Strasbourg, 06. 05. 2013 – The Polish authorities have taken a number of important steps to prevent and combat trafficking in human beings, but several important challenges remain, according to a report published today by the Council of Europe’s expert group on human trafficking, GRETA.
The report notes that the criminalisation of trafficking in human beings in Poland took effect only in September 2010. There is still a significant gap between the number of identified victims of trafficking and the number of successful prosecutions and convictions. Despite efforts to provide training to relevant professionals, GRETA considers that there is a need to improve the knowledge and sensitivity of judges, prosecutors, investigators and other professionals about human trafficking and the rights of victims.

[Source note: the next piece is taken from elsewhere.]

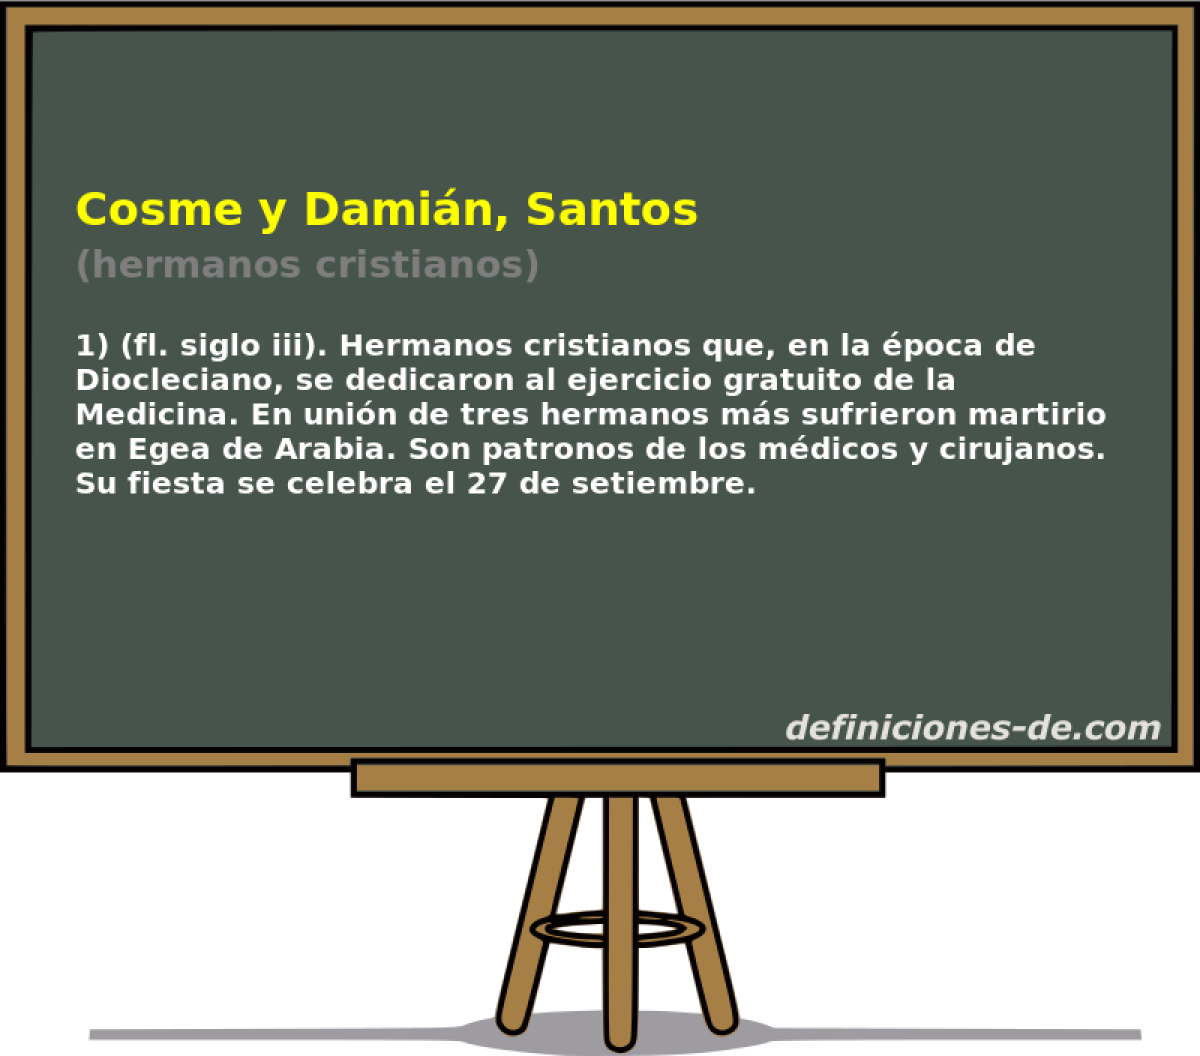 Cosme y Damin, Santos (hermanos cristianos)

GRETA’s report highlights are positive features the transparent approach to the planning and financing of anti-trafficking activities and the setting up of specialised structures. It also underlines the multi-disciplinary approach to victim identification in Poland and the issuing of special instructions to the Police and Border Guard on the identification of human trafficking victims.
However, further steps are necessary to ensure that all victims of trafficking are properly identified. In particular, the report notes that more attention should be paid to the identification of cases of trafficking for labour exploitation, which has been on the rise in Poland.
In addition, the report calls upon the authorities to introduce a nation-wide procedure for the identification of child victims of trafficking and to improve the provision of assistance tailored to their needs.
GRETA also urges the Polish authorities to facilitate and guarantee access to compensation for victims of trafficking. Despite the existence of legal possibilities, very few - if any - victims of trafficking have received compensation.
The report is the first assessment by GRETA of the extent to which Poland implements the Council of Europe’s 2005 anti-trafficking convention. The convention came into force in respect of Poland in March 2009.